Let me give you just one example. I clearly recall a recent CNN interview with US Attorney General Gonzalez, who referred to child pornography as an industry netting somewhere in the -billions- of dollars (perhaps he said "millions", but even so). Scary? Certainly. But does it even make sense? I did some search engining. Every single child pornography bust that I could find information about anywhere on the internet, going back 7 YEARS or more - even those involving large international sting operations - has involved individuals or collections of individuals who traded these images FOR FREE with other individuals. Many of these individuals made their own kiddy porn for distribution - again, FOR FREE - either on FREE song-trading networks or in private member-only FREE clubs (the sole requirement apparently being submission of more material to the group "pool"). These busts have collectively netted an immense number of images and movie clips, with a few single perpetrators possessing tens of thousands of individual images. All obtained FOR FREE from other pervs. Who is making the money? Where does the money go? Where does the money figure come from? If they haven't caught ANYBODY actually "selling" child pornography, how do they have the slightest clue how much these merchants make? Pedo groups point to statements like Gonzalez' "billions-dollar-industry" quip and laugh it off as ridiculous, and it is. For all I've been able to find out, the Justice Department could've invented this number out of whole cloth. Perhaps the number they're giving is the amount of money suspects have (tried to) spend on law-enforcement-run sites "offering" child pornography for a price. But it's simply dishonest to take that number and represent it as a gauge of profits made by "real" child porn sellers.
The problem is that the Justice Department's statement creates the illusion of some faceless illegal "corporation" that abducts children, makes movies with them, and sells the movies for small fortunes. It lends an "otherness", a kind of "distance" to the problem of child pornography - it happens "out there" - when the reality, the thing that people need to understand, is that the guy on the end of the block makes the stuff in his living room, possibly with YOUR KIDS, and trades it over the net in exchange for similar stuff from other people. The poor FBI agents who find this stuff and are forced to look at it all the time really don't know anything about it. But WE know about it, because we've been there. We're the people who need to tell the world the truth about what's going on, because the OTHER people who know the truth won't be talking.

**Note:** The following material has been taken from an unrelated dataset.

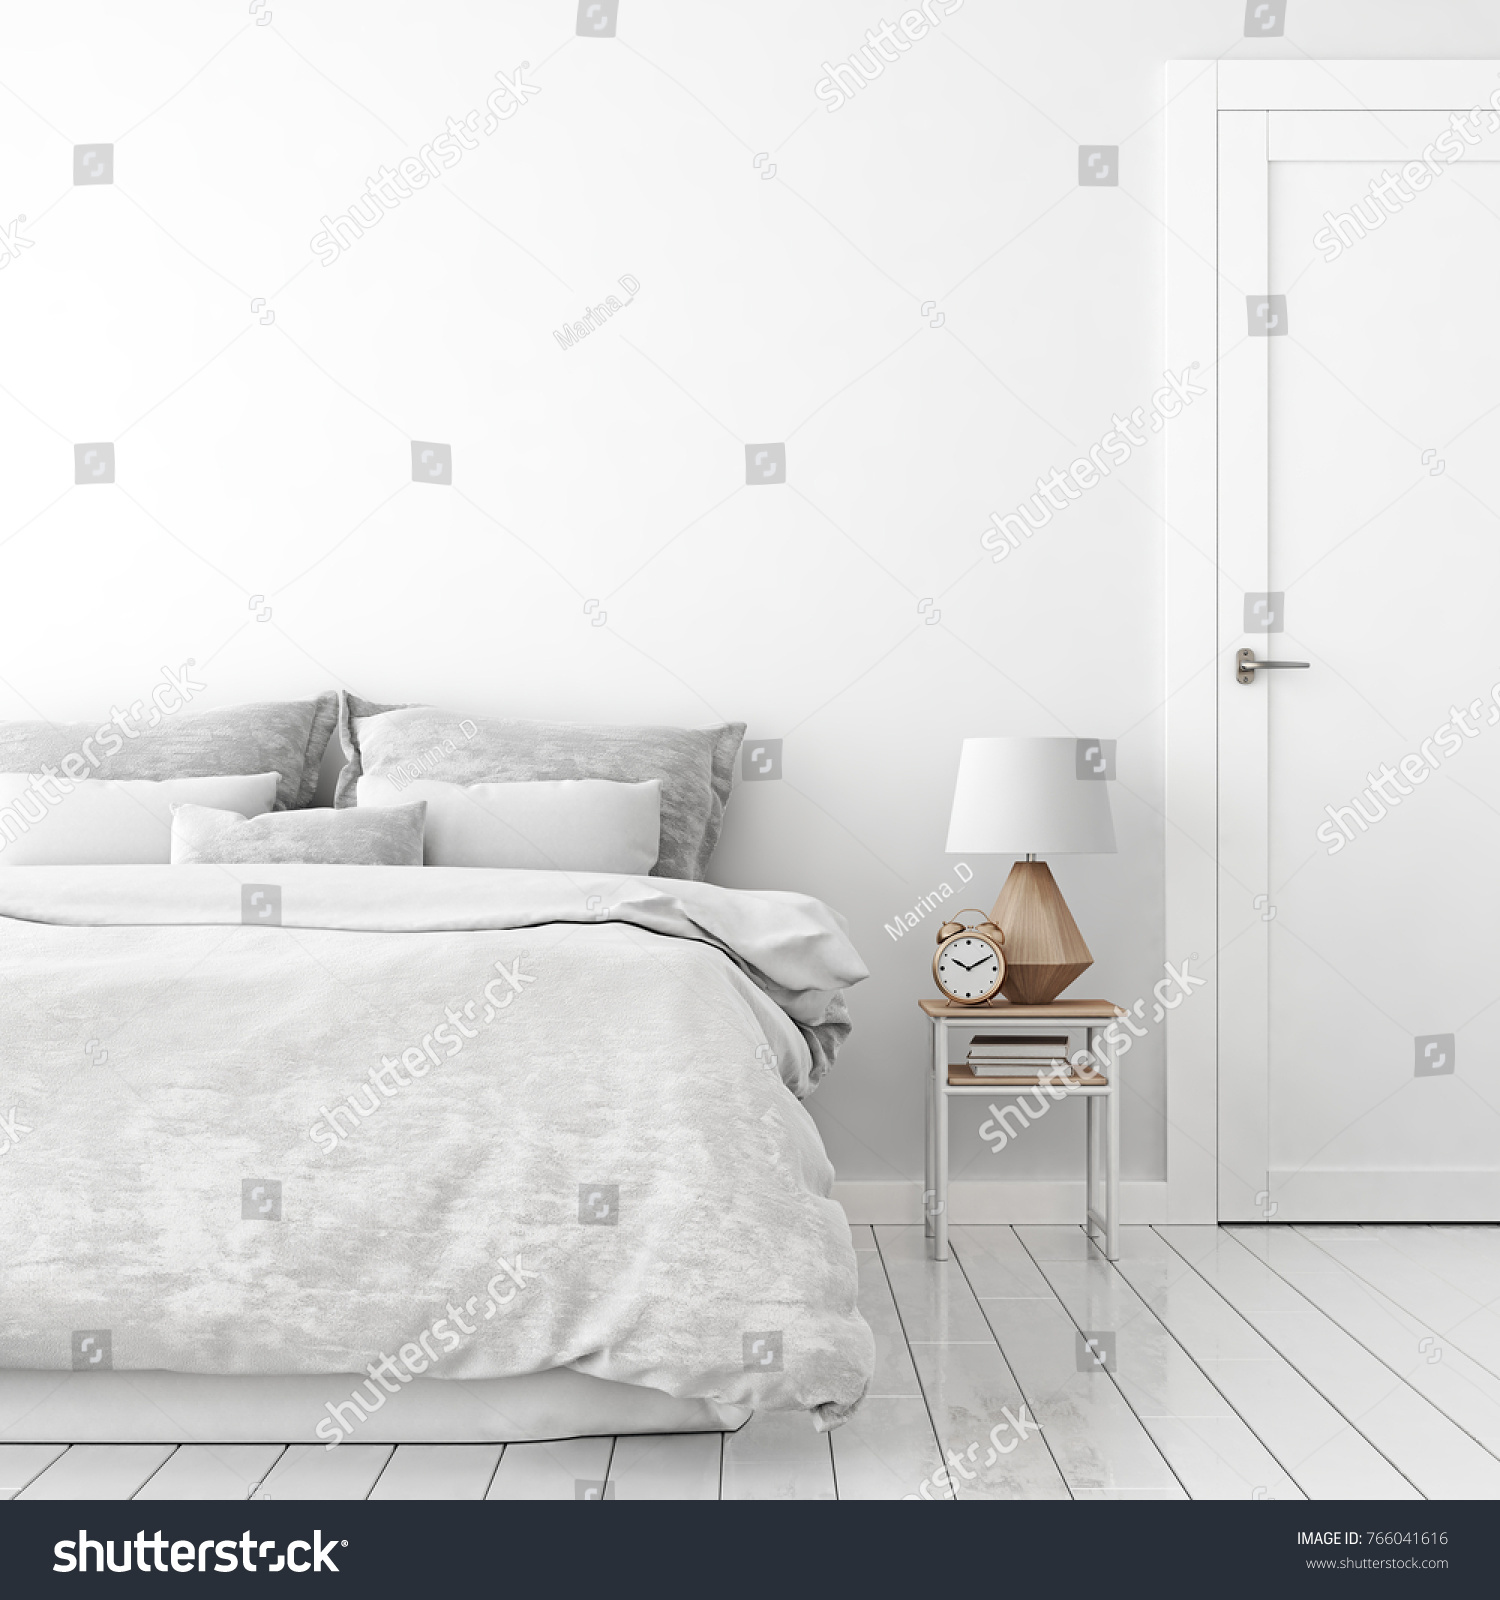 Home Interior Wall Mock Unmade Bed Stock Illustration 766041616

Again, this is just one example - the one I happen to be most familiar with. Pedos can take arguments like Gonzalez' outrageous quotes and insist that "anti-pedos" have to resort to making stuff up in order to show that "pedophilia is bad". Another thing the pedos are big on arguing is the issue of the abuse being a "consentual relationship", and therefore not really abuse. Only those of us who were involved in these "consentual relationships" are in a position to really shed light on the emotional extortion which pedos try to pass off as "consent". We know the real deal, and we're the ones who need to teach. The way things are now, it's like having basketball coaches trying to teach physics.